La Rioja

Un canto a la vida bohemia antes del drama

Escena del zapato de Musetta, al final del segundo acto de 'La Bohème', a cargo de Ópera 2001. :: l.r.
Escena del zapato de Musetta, al final del segundo acto de 'La Bohème', a cargo de Ópera 2001. :: l.r.
  • Ópera 2001 representa en el Teatro Bretón 'La Bohème', de Puccini, una de las obras maestras del melodrama italiano

«... Montmartre se ve triste y las lilas están muertas. Éramos jóvenes, éramos locos. La bohemia, la bohemia. Eso ya no significa nada en absoluto». En el muy recomendable espacio de TV3 'Òpera en texans', asegura el divulgador Ramon Gener que la hermosa canción popularizada por Charles Aznavour condensa en apenas cuatro minutos el espíritu al mismo tiempo romántico y realista de 'La Bohème', una de las obras maestras de Puccini, que la compañía Ópera 2001 representa hoy en el Bretón.

La función (a las 20.30 h.), un paréntesis en pleno Festival de Teatro, tiene a Martín Mázik, Roberta Matelli y Luis Miguel Lainz como directores. La interpretan los solistas (sin precisar), la orquesta y los coros de Ópera 2001. Y cuenta, como siempre en Logroño, con la colaboración de Amigos de la Ópera de La Rioja.

'La Bohème' del compositor Giacomo Puccini (1858-1924), anterior a sus otros éxitos 'Tosca', 'Madama Buterfly' y 'Turandot', es sin duda una de las obras maestras del melodrama italiano y una de las óperas más admiradas.
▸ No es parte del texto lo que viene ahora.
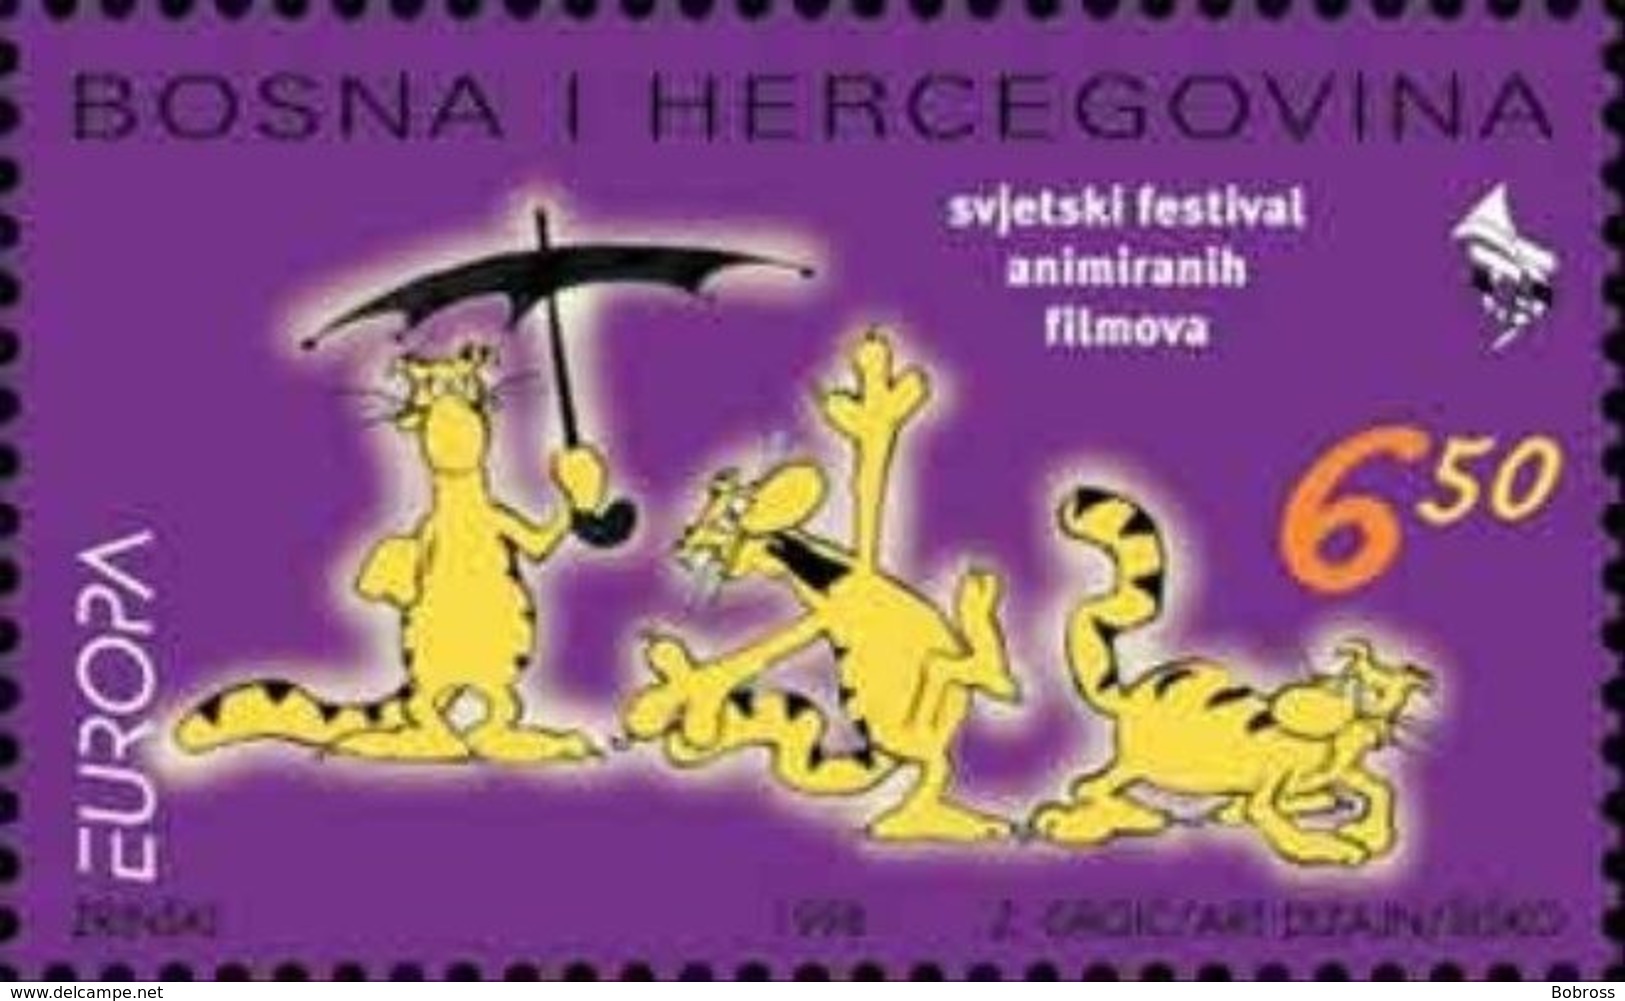 1998 EUROPA, World Festival Of Animated Films In Zagreb, N° 37, Croat Post Mostar, Bosnia And Herzegovina,MNH - Bosnia Herzegovina

Fue estrenada en 1896 en el Teatro Regio de Torino bajo la dirección de Arturo Toscanini y, como tantas veces sucede, tuvo una fría acogida, aunque no tardaría en popularizarse. Hoy día es la cuarta más representada en el mundo.

El argumento de los libretistas Giuseppe Giacosa y Luigi Illica, basado en la novela 'Escenas de la vida bohemia', de Henry Murger, publicada por entregas a lo largo de cinco años en un periódico, está ambientado en el Barrio Latino del París de 1830 y narra las vivencias de algunos jóvenes artistas, libres pero pobres que, llenos de ideales y de esperanza, deben afrontar las pequeñas y grandes dificultades de la vida antes del siempre irremediable trágico final.

«'La Bohéme' -afirma Matelli- toca a fondo el corazón de todos porque no solo es posible en el París del siglo XIX sino en cualquier época y lugar: la felicidad, el amor, las peleas, la fama, la convivencia diaria, el dolor y la muerte hacen que esta ópera, en cualquier situación triste, nostálgica y melancólica con momentos cómicos, divertidos y caricaturescos, exprese la realidad del día a día y de todas las personas, llevando al público a identificarse, a reír y a llorar con los protagonistas sobre el escenario. Al fondo la ciudad y su ambiente son dibujados de forma magistral».

El estilo musical es «fruto original y coherente» de la reelaboración de varias influencias: del romanticismo alemán a Bizet, de la ópera lírica francesa a la novela de salón, e inconfundiblemente del intenso lirismo de la melodía y de la armonía moderna y refinada. «Puccini logra crear, a través de la música, personajes con caracteres bien distintos, con personalidades y pasiones propias: el poeta Rodolfo, el pintor Marcello, el filósofo Colline, el músico Schaunard, los bohemios, y Mimí y Musetta tienen todos una precisa identidad psicológica que su partitura resalta, tocando en lo más profundo de la cuerda del ánimo humano».

«Es una de las óperas donde existe mayor posibilidad de crear situaciones verdaderamente muy actuales, llenas de sentimiento y de comprender a través de la partitura, incluso el chispear del fuego, la más intima expresión de los personajes».